The picture of pain management is already changing from the bedridden patient attached to a cumbersome drip stand, to a mobile patient carrying a small portable pump
“The fact that the doses are predefined makes it much easier and quicker to set up the right programme, which is critical on our busy wards. Staff are trained to identify the various programmes and if the prescription is changed they are able to reprogramme the pump choosing the correct set protocol.
“We also use a bag-based system, where pre-filled bags are attached to the pumps with the infusion lines colour-coded to match the pumps. This system saves time, is easy to use and is beneficial from a safety point of view as we know the contents are sterile, however it takes a well-organised team to manage this. The management of the pumps is an established process undertaken by a dedicated pharmacy team.”
Information and data on how much medication a patient has received is vital for the successful management of patients on a busy ward. Using the latest infusion technology means the staff at the Manchester and Salford Pain Centre are able to monitor the graphs produced by the pump, which tell them exactly how much drug a patient has been given, or needs.
Howarth said: “The graphs show us whether we need to increase or decrease the dose of the bolus being given to the patient. They also enable us to convert to an oral route more confidently by obtaining an accurate figure of how much analgesia has been used over a 24-hour period and then calculating an equal oral dose.”
With improved technology comes a need for increased staff training to ensure everyone on the ward is fully up to speed with all the pain delivery systems and the provision of training is now an issue all modern hospitals consider when looking to purchase new equipment.
Howarth said: “It was imperative that we were provided with a good training programme when we purchased our infusion pumps. As with any new piece of equipment there is always a degree of anxiety or uncertainty on how to use it. To ensure that staff are confident in the management of the infusion pump the competency assessment process is vital.
He added: “Pumps are the mainstay of pain management and our choice has meant we have been able to ensure the highest possible standards of patient care in our busy hospital.”
The picture of pain management is already changing from the bedridden patient attached to a cumbersome drip stand, to a mobile patient carrying a small portable pump.So what could it look like in the next 10 years?

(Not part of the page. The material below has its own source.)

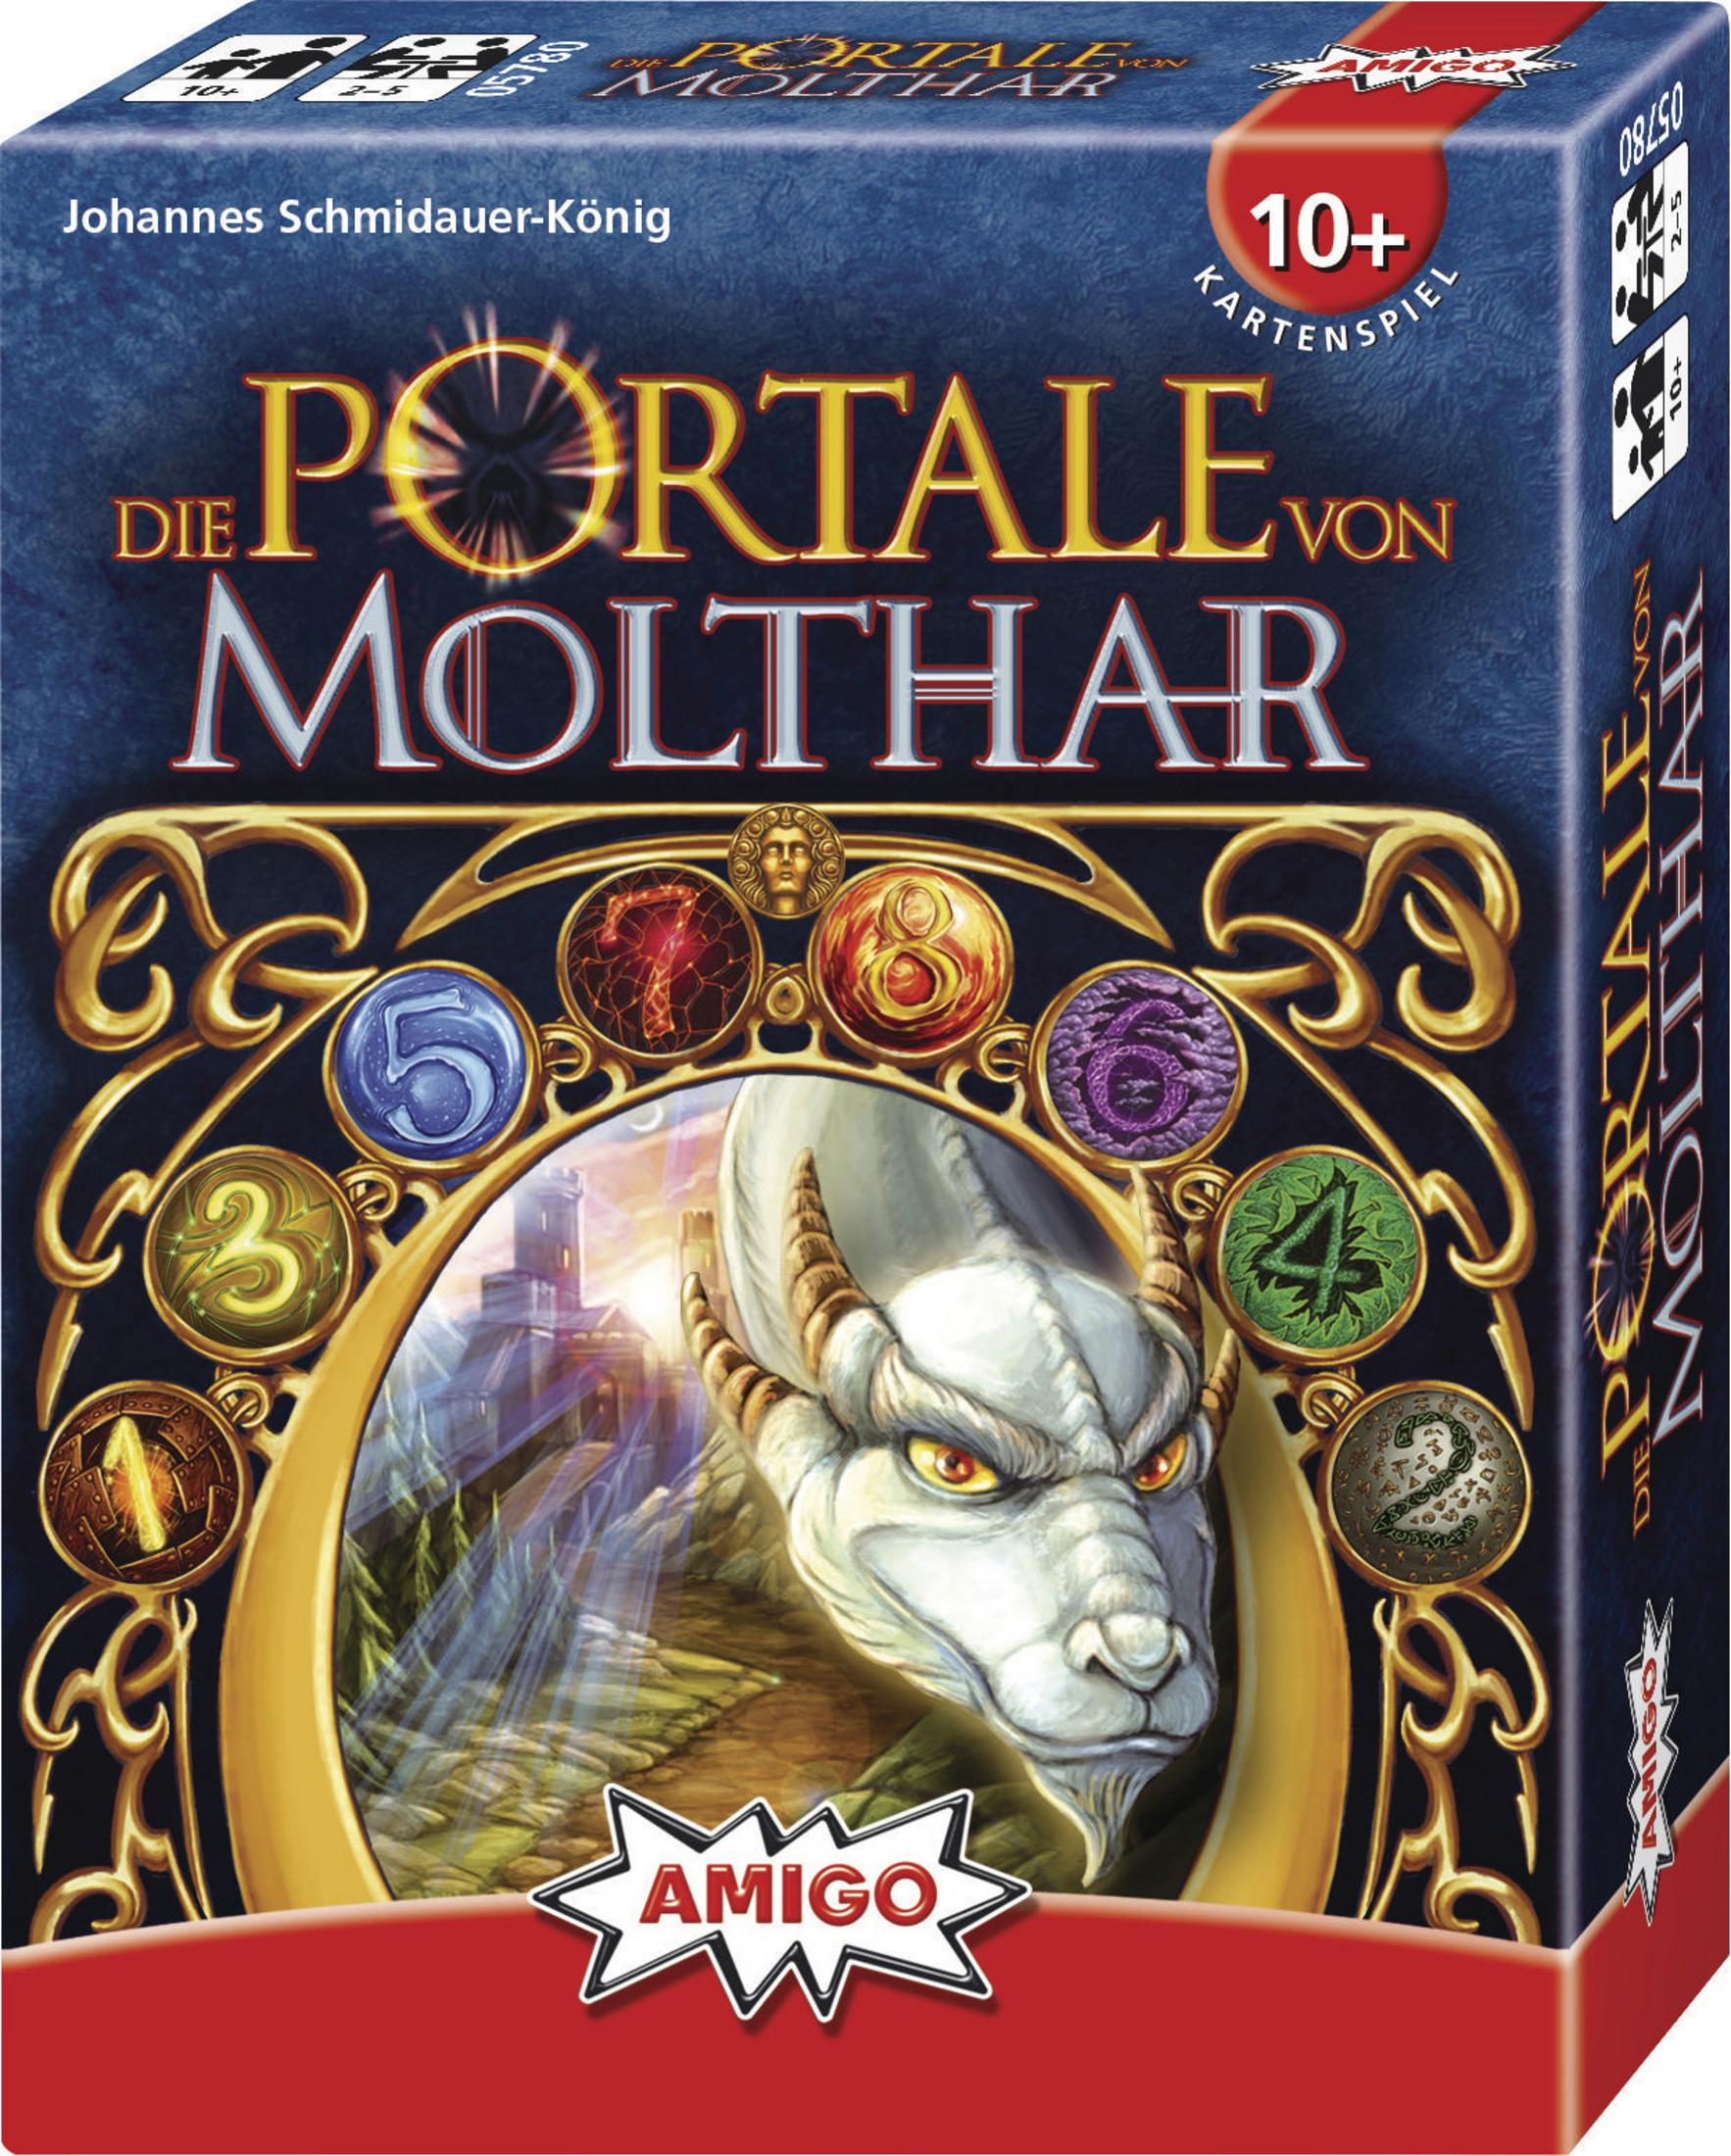 Mehrfarbig PORTALE MOLTHAR 05780 Kartenspiel DIE VON AMIGO
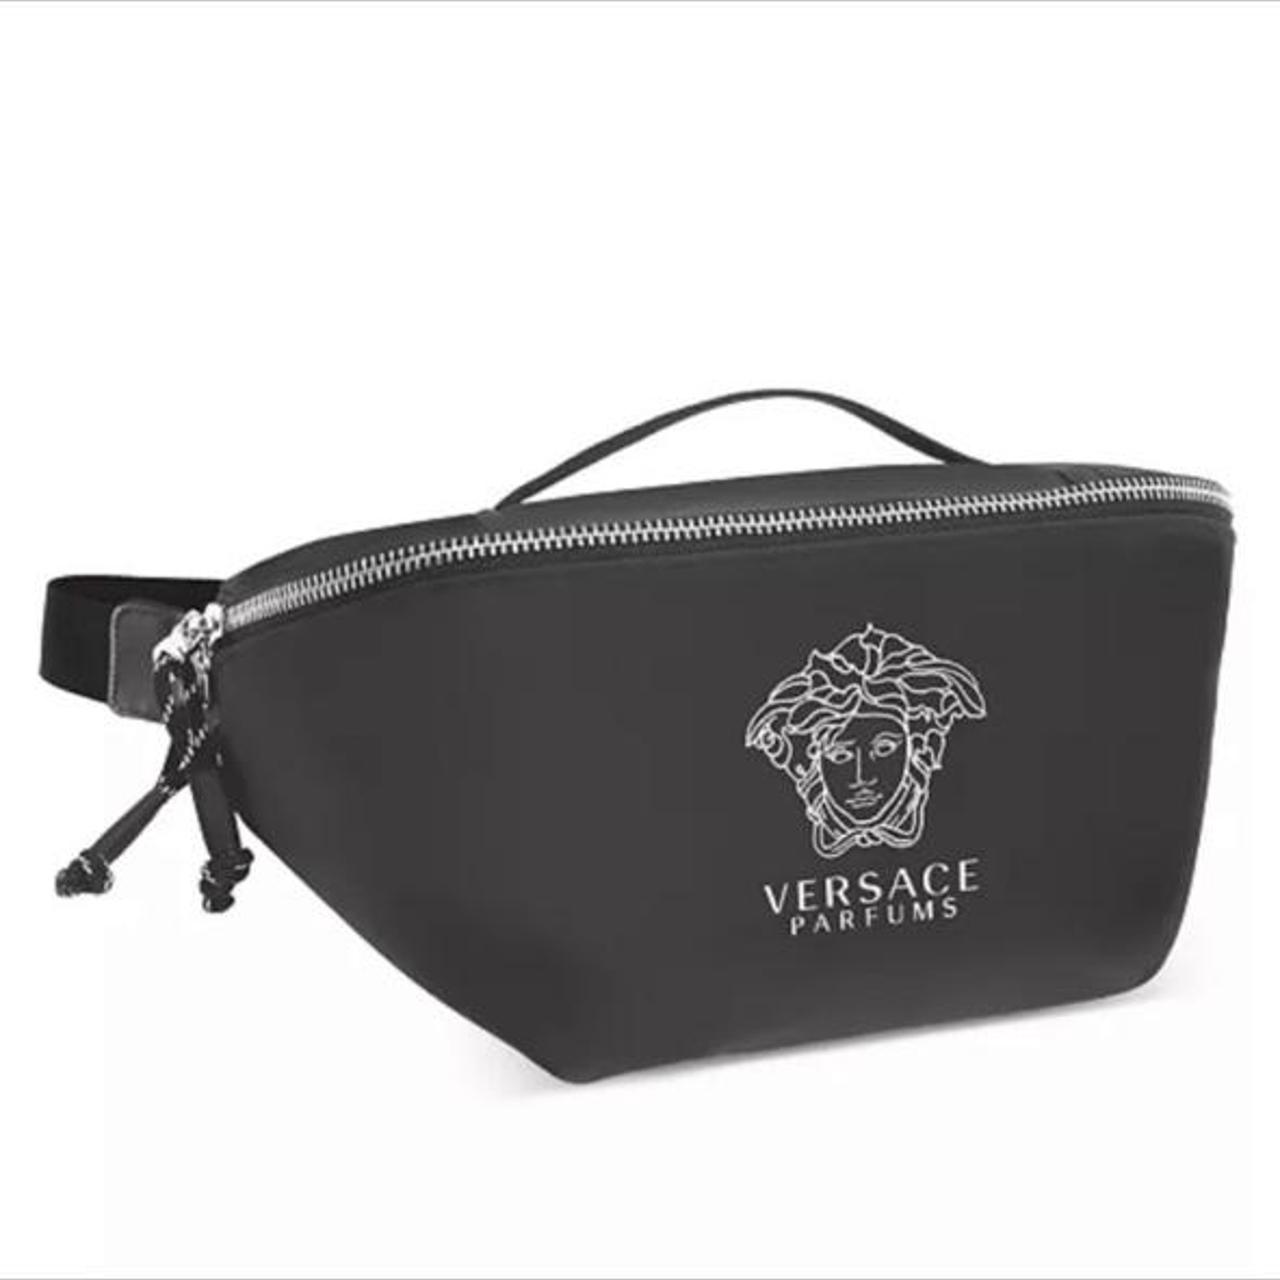 Versace men’s belt bag Brand new Made exclusively... - Depop

The clear aim is to bring people into a building, make them better and send them home as soon as possible where they can safely manage their own pain using a delivery system which targets the very specific area of pain instead of a generic pain blocker
Imagine being able to send your patient home several hours after an operation, with their own medication infusion device which you have pre-programmed for them, which they can carry in a specially-designed rucksack with absolute confidence.
The smart drugs inside it target only the area operated on, leaving the patient free to carry on with their everyday life as normal, just pressing a button for pain relief as and when they need it. Every time they do, the pump connects through their wi-fi service and sends the data back to a central monitoring system. If there are any issues an alert is raised and the patient recieves a phone call from the telehealthcare team offering advice and guidance.
This is the picture being painted currently at the future of pain management conferences around the world. The clear aim is to bring people into a building, make them better and send them home as soon as possible where they can safely manage their own pain using a delivery system which targets the very specific area of pain instead of a generic pain blocker.